LOG-09: Sensitive Data Redaction

AI logs frequently contain PII, financial data, or other sensitive information — because users put it in their prompts and models include it in their responses.

Redaction Strategy

  1. Real-time redaction at ingestion: Apply PII detection patterns (regex + NER) to model I/O before writing to the primary log store.
  2. Preserve forensic copy: For Tier 3+ systems, store an encrypted, access-controlled copy of the unredacted log for incident investigation. Dual-approval access only.
  3. Redaction patterns: Names, email addresses, phone numbers, national IDs, credit card numbers, medical record numbers, account numbers.
  4. Tokenisation option: Replace PII with consistent tokens ([PERSON_1], [EMAIL_1]) that preserve referential integrity across a session without exposing real values.
  5. Audit redaction effectiveness: Periodically sample logs and verify that redaction is working. PII leakage into logs is a data protection incident.

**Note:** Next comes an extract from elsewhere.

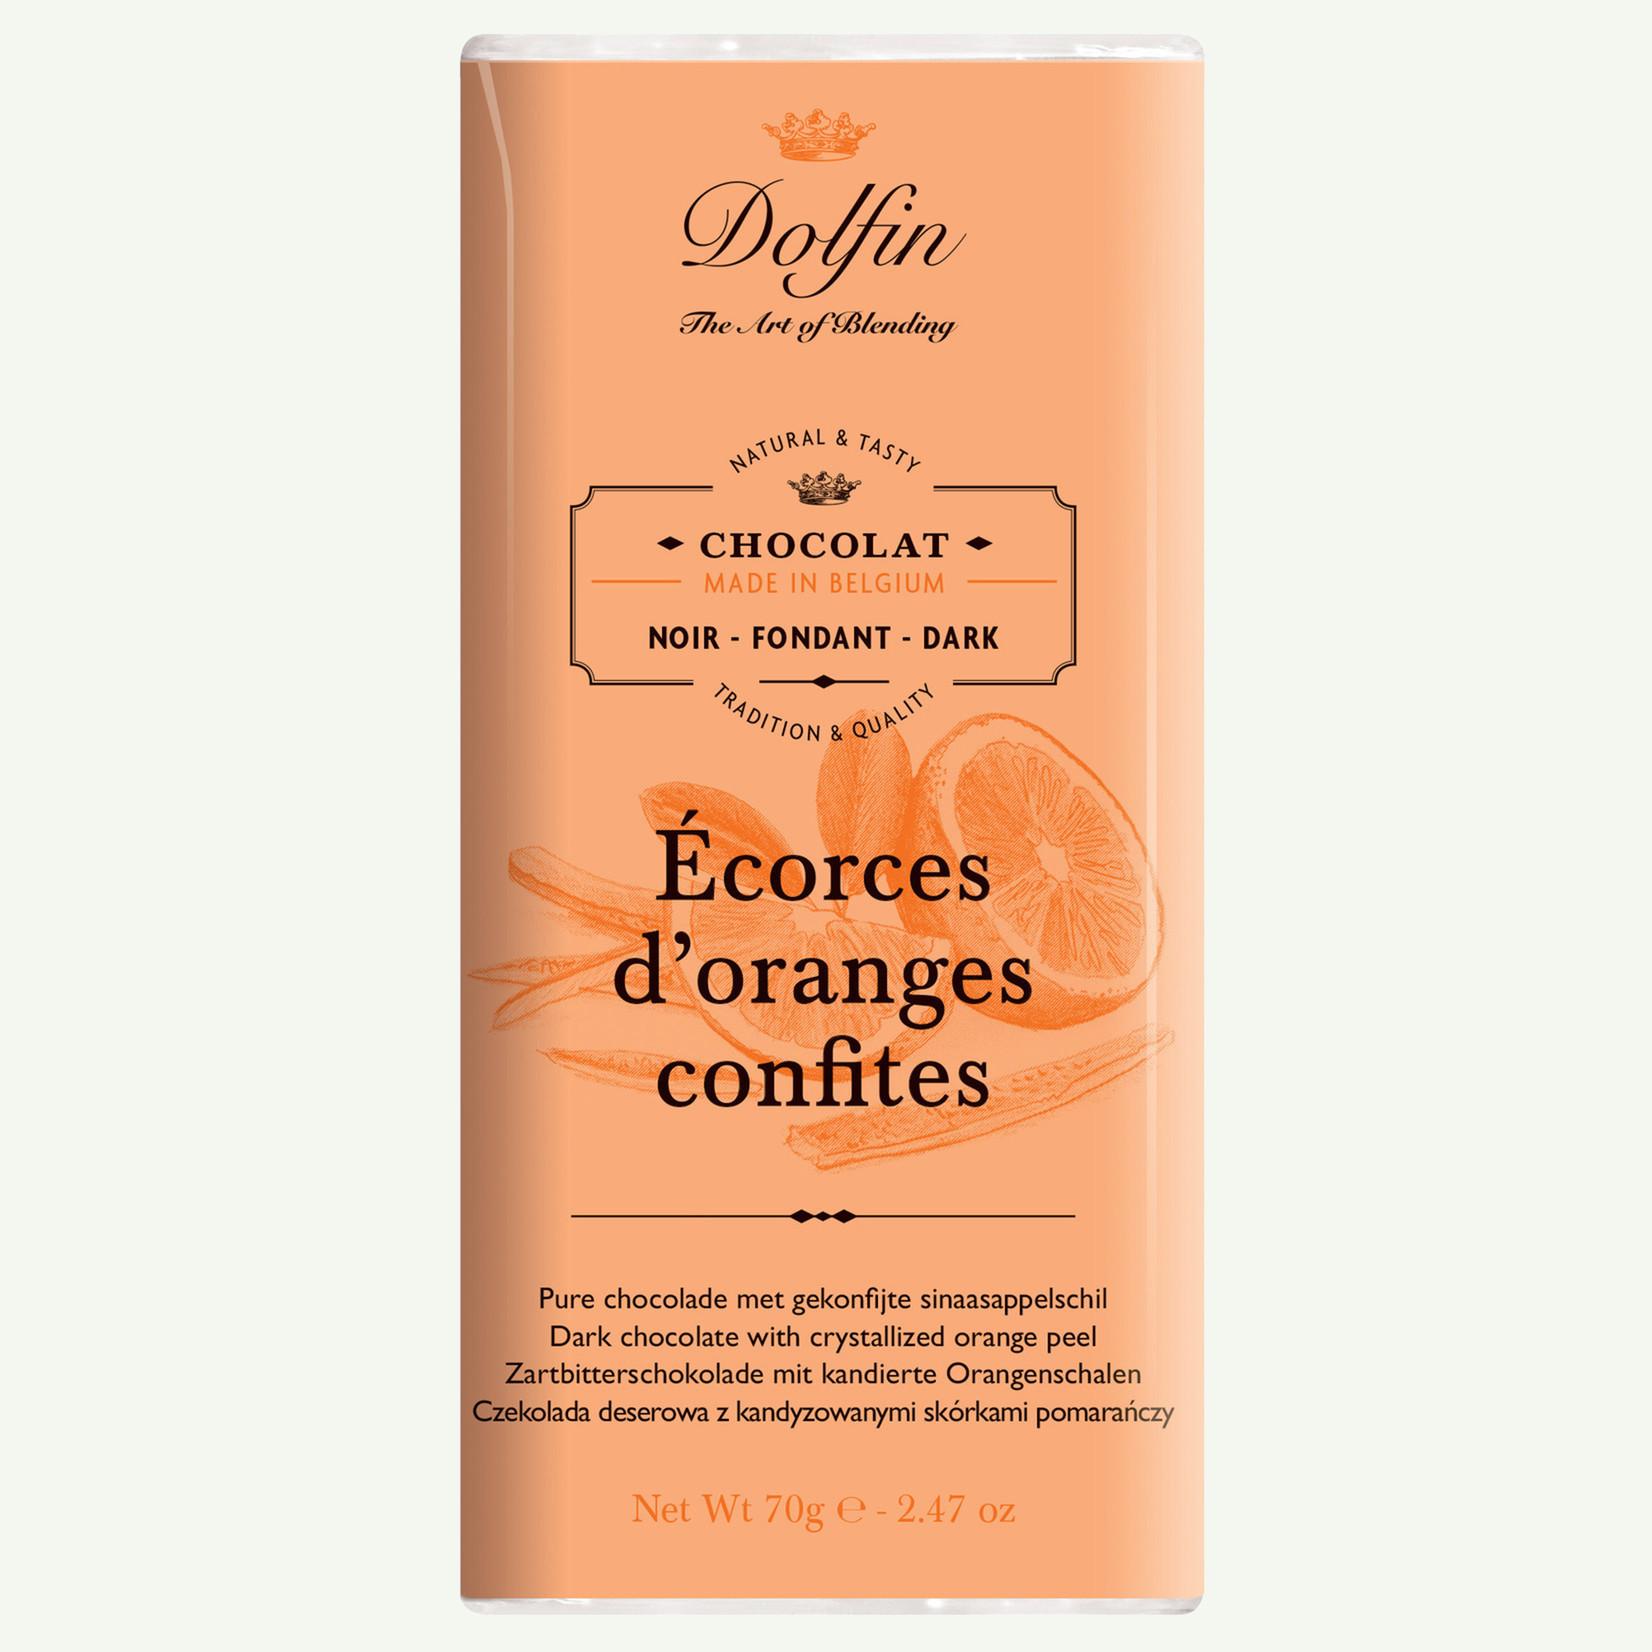 Dolfin Dolfin 'chocoladetablet' - 70g

LOG-10: Enterprise Telemetry Correlation

AI system logs in isolation miss context. Correlating AI logs with enterprise security telemetry reveals attacks that span the AI system and the broader environment.

Correlation Points

AI System Event Enterprise Telemetry Combined Insight
Unusual prompt patterns from user X User X's device has compromised IoC Adversary using stolen session to probe AI system
Agent makes unexpected outbound API call Network logs show data exfiltration to unknown IP Agent used as exfiltration channel
Spike in token consumption Cost management alert Prompt injection inflating context (denial of wallet)
Judge flags multiple responses as policy violations No corresponding guardrail blocks Guardrail evasion technique — update rules
System prompt hash changes No corresponding change request in ITSM Unauthorized configuration change

Integration Architecture

AI system logs should flow to the enterprise SIEM/SOAR with:

  • Standardised event schema (compatible with OCSF, ECS, or equivalent).
  • Correlation IDs that link AI system events to infrastructure events.
  • Alert rules that trigger on cross-domain patterns (not just AI-domain patterns).

Three-Layer Mapping

Control Guardrails LLM-as-Judge Human Oversight
LOG-01 Model I/O Captures what guardrails processed Provides data for Judge evaluation Enables human review of interactions
LOG-02 Guardrail decisions Enables guardrail effectiveness analysis Judge compares its findings to guardrail decisions Humans tune guardrails based on log data
LOG-03 Judge evaluations Identifies guardrail gaps Enables Judge calibration and improvement Humans review Judge accuracy
LOG-04 Agent actions Guardrails on tool parameters logged Judge evaluates action chains Humans review agent decisions and approve high-risk actions
LOG-05 Drift detection Detects guardrail effectiveness decay Detects Judge calibration drift Alerts humans when the system moves outside expected behaviour
LOG-06 Injection detection Captures what guardrails missed Judge flags injection-like outputs Humans investigate confirmed injection attempts
LOG-07 Log integrity Guardrail logs can't be tampered with Judge logs are independently verifiable Humans trust the audit trail
LOG-08 Retention Historical guardrail data available for analysis Historical Judge data enables trend analysis Compliance and regulatory requirements met
LOG-09 Redaction PII doesn't persist in guardrail logs Judge doesn't receive unnecessary PII Reduces data protection risk for oversight teams
LOG-10 Correlation Guardrail evasion visible in broader context Judge findings enriched with infrastructure context Humans see the full picture

Platform-Neutral Implementation Checklist

  • All model interactions logged with full context (input, output, identities, metadata)
  • Guardrail decisions logged for every evaluation (including passes)
  • Judge evaluations logged with scores, reasoning, and criteria version
  • Agent decision chains reconstructable from logs
  • Behavioural baselines established and drift alerting configured
  • Raw inputs (pre-guardrail) preserved for injection forensics
  • Logs stored in append-only, tamper-evident storage
  • Retention policies defined and enforced per data type
  • PII redaction applied at log ingestion with periodic effectiveness audits
  • AI logs integrated with enterprise SIEM with correlation rules active

AI Runtime Behaviour Security, 2026 (Jonathan Gill).